In the party orientations we have examined so far, both liberalism and democracy, there is something universal that can be found in the development of almost all peoples and therefore in all eras of world history, and yet there is also something very peculiar that belongs only to our era. The common element comes from what is the natural basis of these parties, namely the popular classes and the interests of the popular classes. In the history of all peoples, there is a rich and a poor class, a class with historical distinction and historical privilege and a class with mere wealth without these advantages, which only develops over time in line with the former, the struggle of these classes for political power and, by means of political power, for financial advantages. We therefore find in the Greek republics and in Rome so many of the same manifestations of political struggle, similar motives, similar means, similar results, as since the end of the last century in France and Germany. Thus, one may draw parallels between the Roman parties of aristocracy and democracy and their unfortunate counterparts. However, the ideas that take hold of these natural elements and natural interests, and give the parties their true character, are peculiar to our era and are not found in antiquity, or only in meager traces. The idea of the liberal party—the centrality of the individual and the absolute reverence for individual freedom and individual opinion—and the idea of the democratic party—the apotheosis of the will of the people and brotherhood—are all things that are absent from antiquity.

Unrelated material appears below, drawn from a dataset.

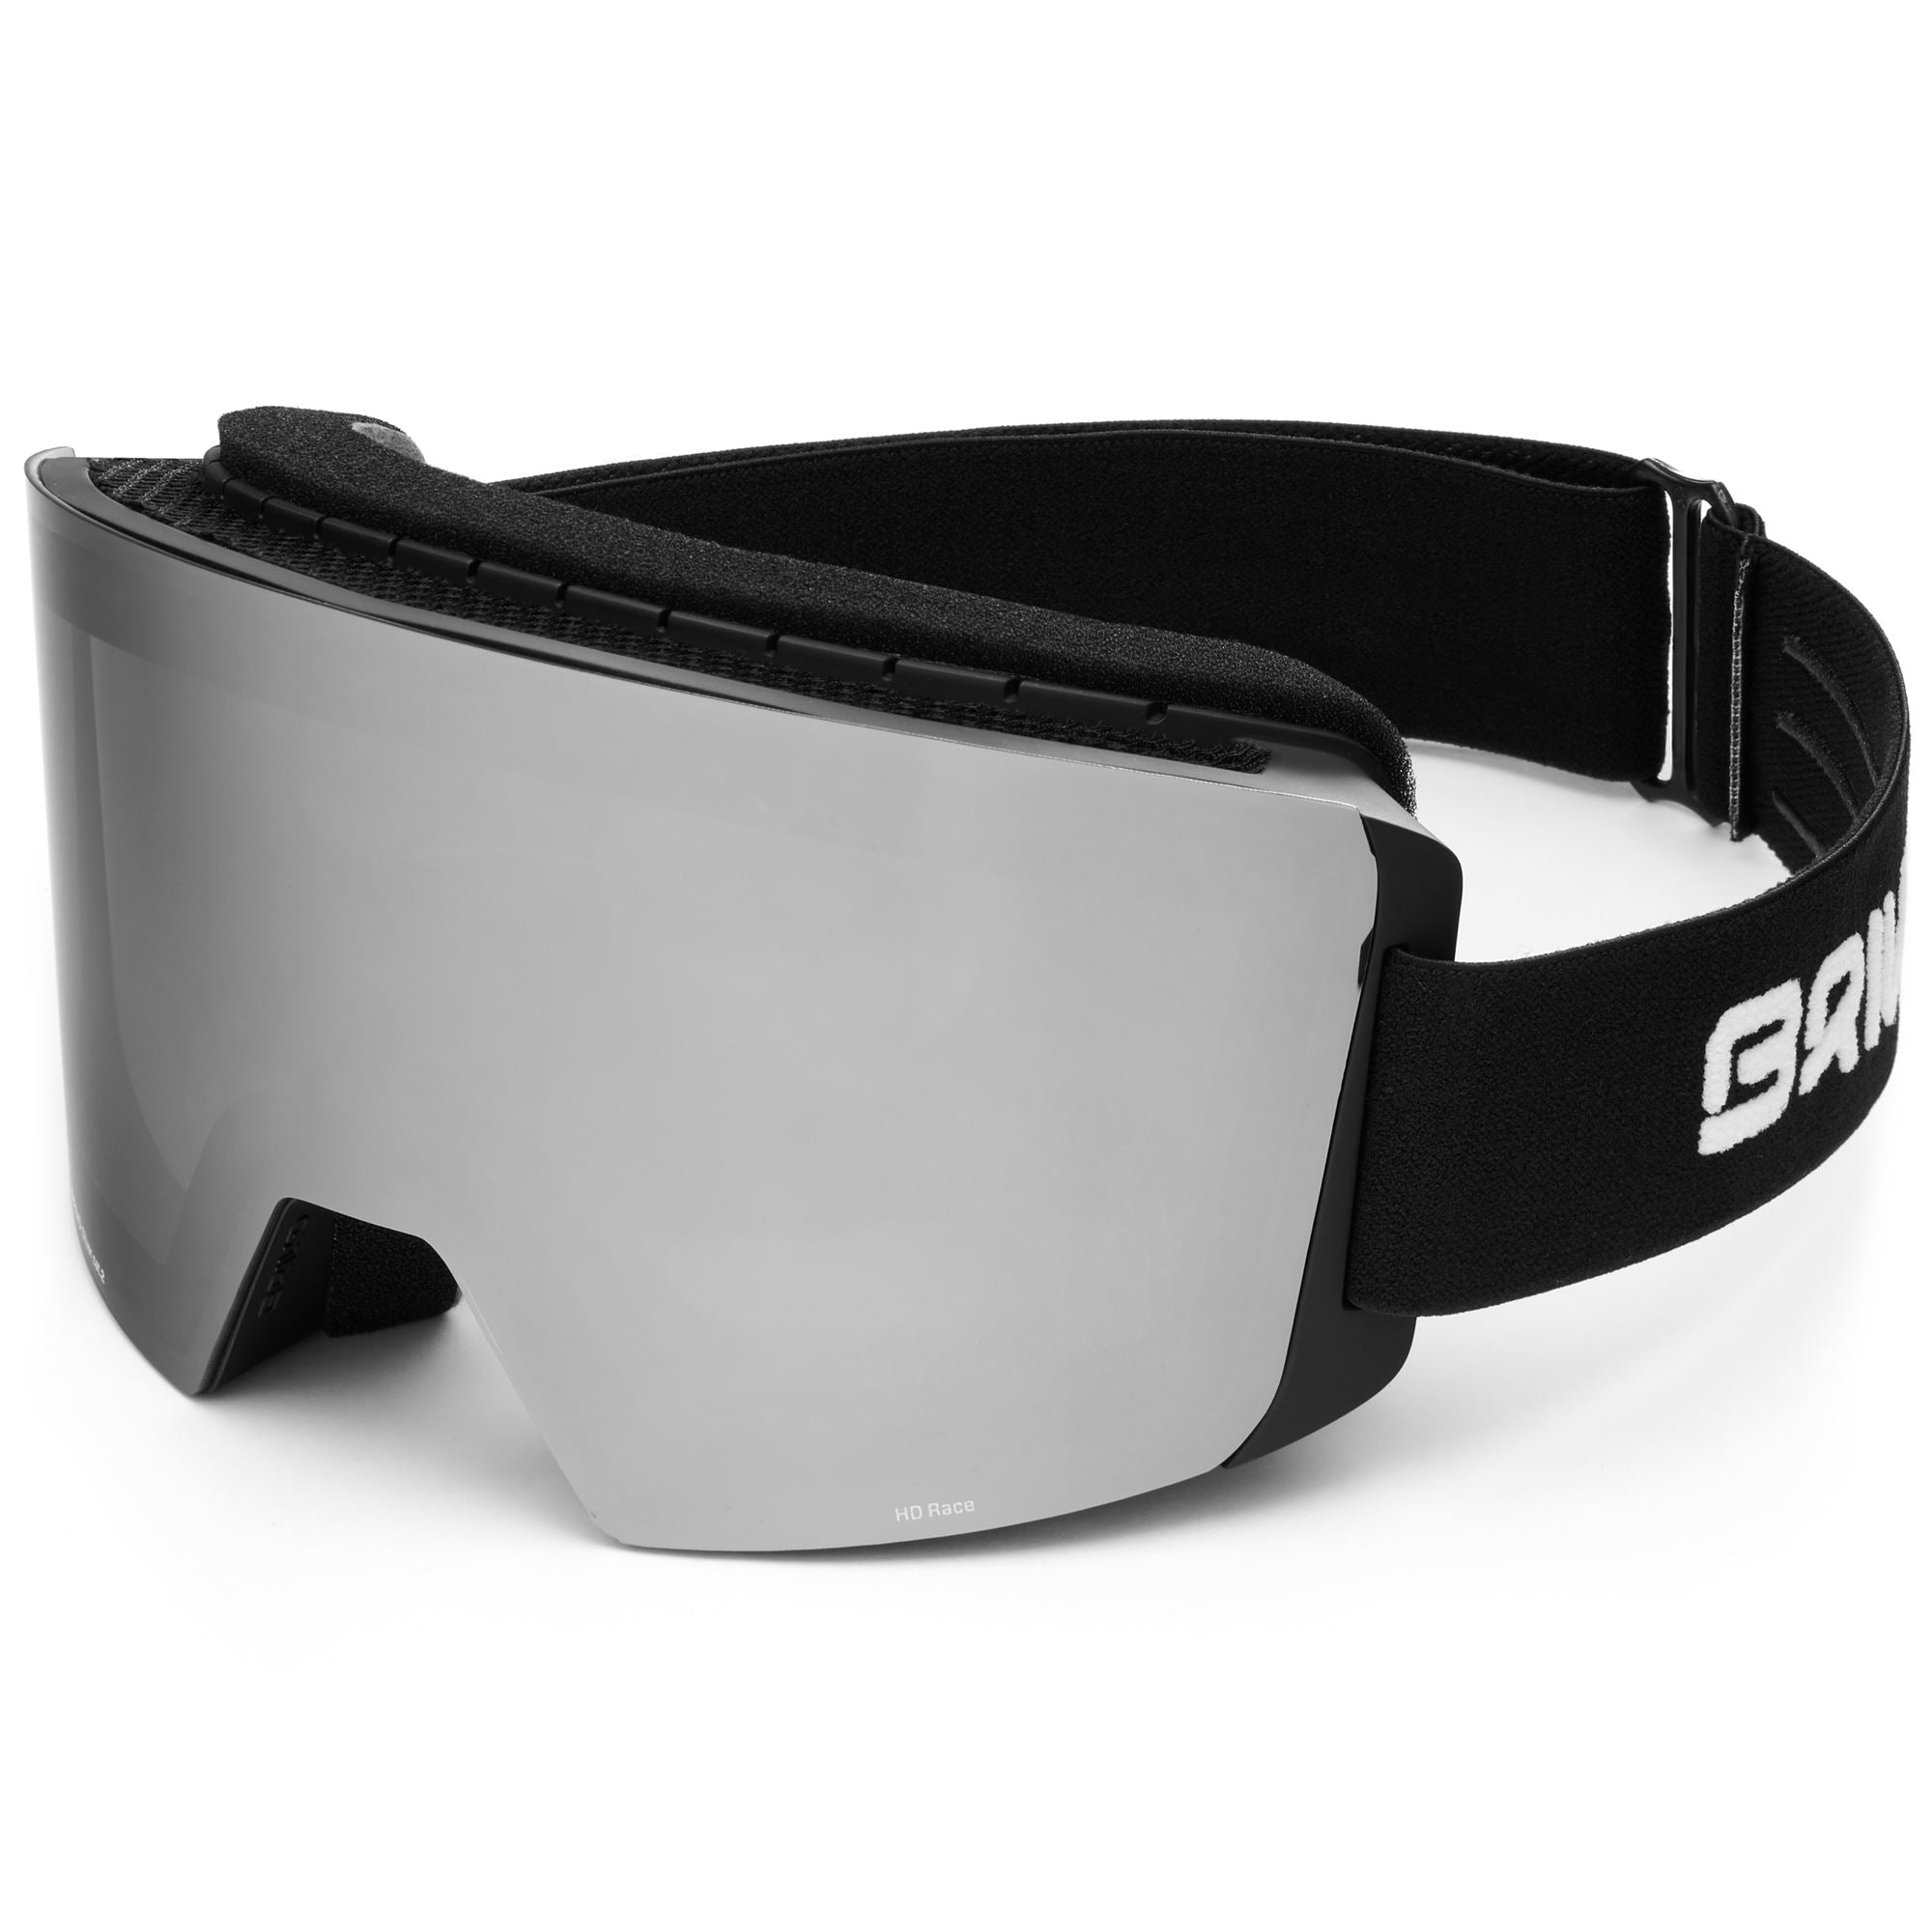 GARA FIS 8.8 - Goggles - Ski Goggles - Unisex - MATT BLACK-BBSM2

All this is not merely natural interest, but the pursuit of a spiritual and moral ideal; in its aberration, it is not merely a happenstance transgression of God’s commandments, but a fundamental emancipation from God and His revelation. This whole deeper, ideal side of the revolution and its parties is the flip side of the Christian standpoint; it is the deification of man and emancipation from God; it could not have existed, then, before the advent of Christianity and the Christian peoples.
[1] It was not the Boston Port Act but the Massachusetts Government Act which revoked the colony’s charter. Both were part of what were known as the Intolerable Acts of 1774.
[2] Robert Carter Nicholas: “To give greater emphasis to our proposition, we agreed to wait the next morning on Mr. Nicholas, whose grave & religious character was more in unison with the tone of our resolution and to solicit him to move it.” Autobiography of Thomas Jefferson 1743-1790 (New York and London: G. P. Putnam’s Sons, 1914), p. 12.